Pour donner un vernis démocratique à la volonté d'imposer son projet Zapatayrault lance des concertations tout azimut.
Nous prenons connaissance dans la presse des positions des CCI de Bretagne et de celles des Pays de Loire.
Il est vrai que le cimetière économique et industriel qui jalonne leurs pérégrinations les qualifie pour donner un avis d'avenir pour les deux régions.
Le vieux militant qui a donné sa première carte syndicale à La Canaille disait : "quand un projet est défendu bec et ongle par le taulier il est urgent de regarder comment s'y opposer. Le pourquoi qu'il cache apparaît très vite dans ses arguments.
Il n'avait pas tord l'ancien .

La Preuve :
Notre-Dame-des-Landes. « Voulons-nous la croissance ? »
14 mars 2013 - Réagir à cet article
Les présidents des CCI de Bretagne et des Pays-de-la-Loire ont été entendus, hier, à Nantes, par la « commission de dialogue ». Ils ont plaidé en faveur de l'aéroport de Notre-Dame-des- Landes
(44).
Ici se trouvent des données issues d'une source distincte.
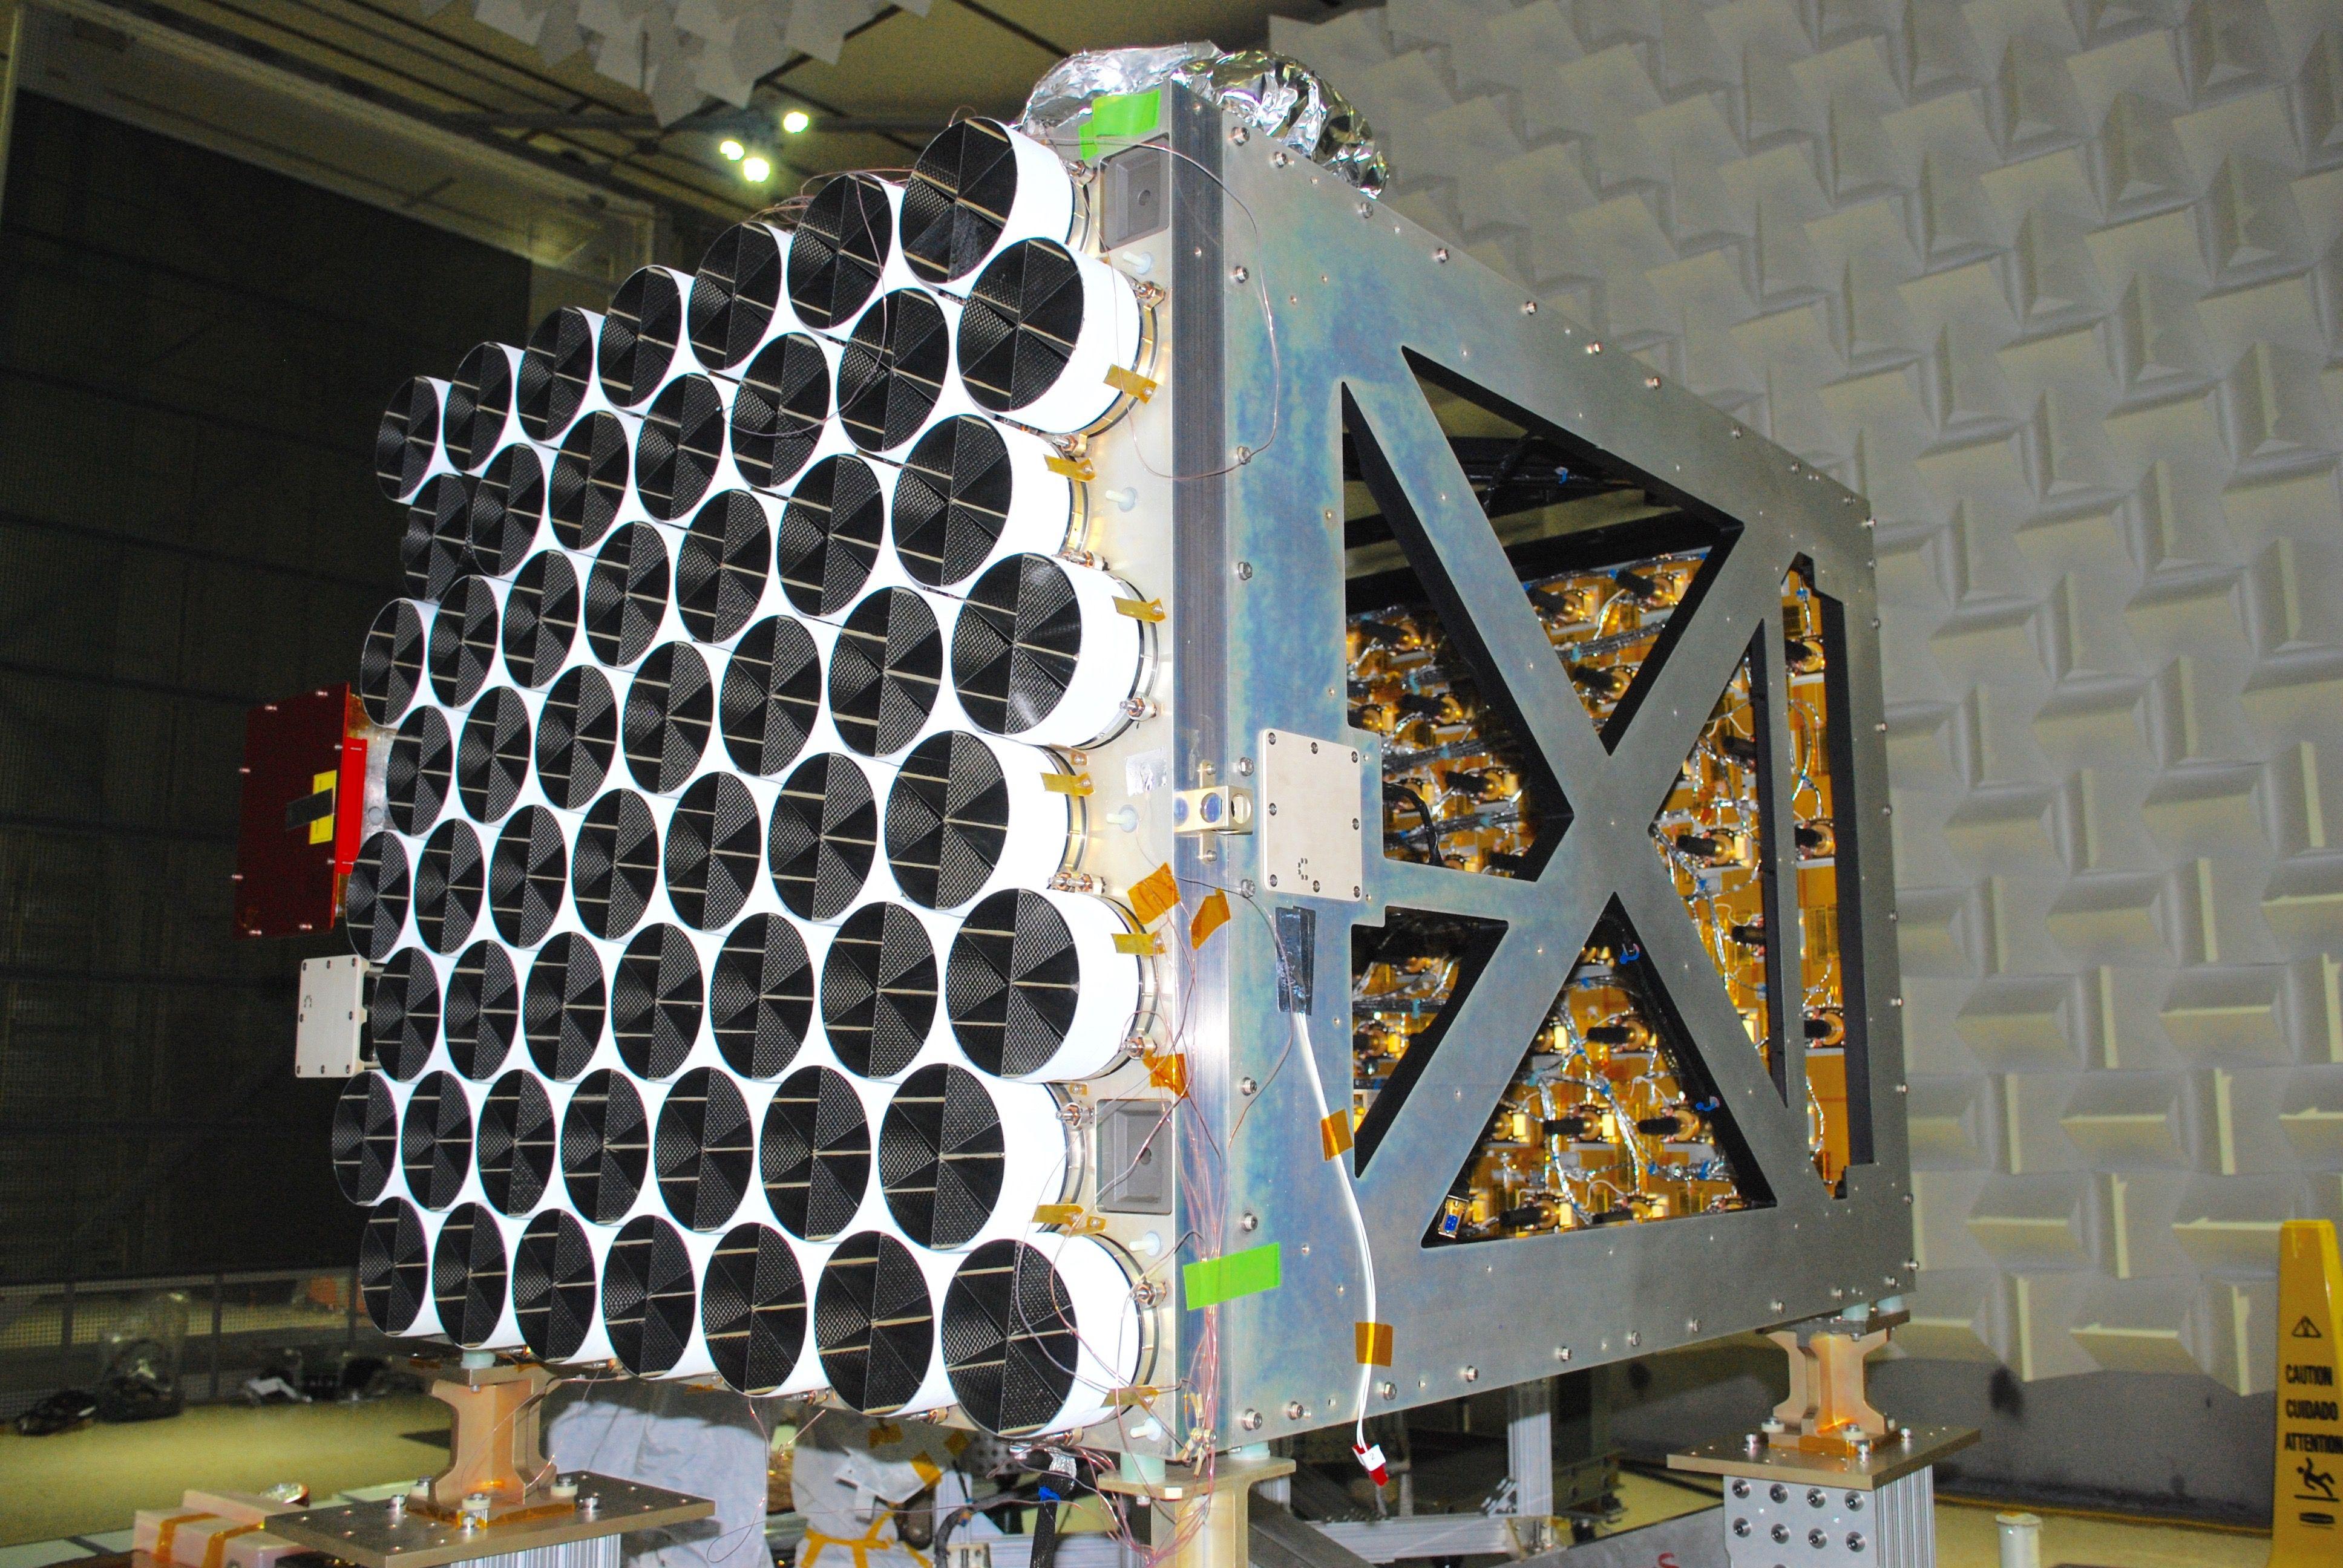 ISS To Get Instrument To Study Neutron Stars

Questions à Alain Daher, président de la chambre consulaire bretonne.
Selon une information de début de semaine qu'il a aussitôt démentie, le président de la commission aurait exprimé des
doutes sur l'intérêt économique du projet. Cela vous inquiète-t-il ?
Non, pas du tout. Claude Chéreau a été très clair en précisant que ses incertitudes portaient sur les éléments établissant la réalité des retombées économiques
escomptées. Si elles peuvent être estimées, ces retombées sont naturellement impossibles à chiffrer avec exactitude. En revanche, nous savons évaluer assez précisément ce qu'un renoncement à
l'aéroport de Notre-Dame-des-Landes
coûterait à l'activité de nos deux régions. Nous avons construit un dossier en ce sens afin de convaincre la commission.
Quelles sont les principales raisons de votre soutien au transfert de l'aéroport de Nantes ?
Le dynamisme démographique de la Bretagne et des Pays-de-la-Loire, leur croissance supérieure à la moyenne, leur attractivité touristique, le nécessaire
développement des entreprises à l'international, tous ces atouts ne peuvent qu'être affaiblis par l'insuffisance de liaisons dont l'Ouest souffre aujourd'hui. L'aéroport de Brest va continuer à se développer mais
Nantes-Atlantique approche de la saturation plus vite que prévu et Nantes est déjà aujourd'hui la moins bien desservie des grandes métropoles régionales. Or, la qualité des liaisons
internationales est le quatrièmefacteur d'attractivité d'un territoire pour y implanter une activité. Surtout dans des régions périphériques comme les nôtres, de plus en plus pénalisées par le
déplacement vers l'est du coeur économique européen.
Avec le président ligérien Bruno Hug de Larauze, vous avez cosigné une motion invitant fermement l'État à respecter les
lois de la République. C'est une interpellation publique inhabituelle de la part d'institutions consulaires.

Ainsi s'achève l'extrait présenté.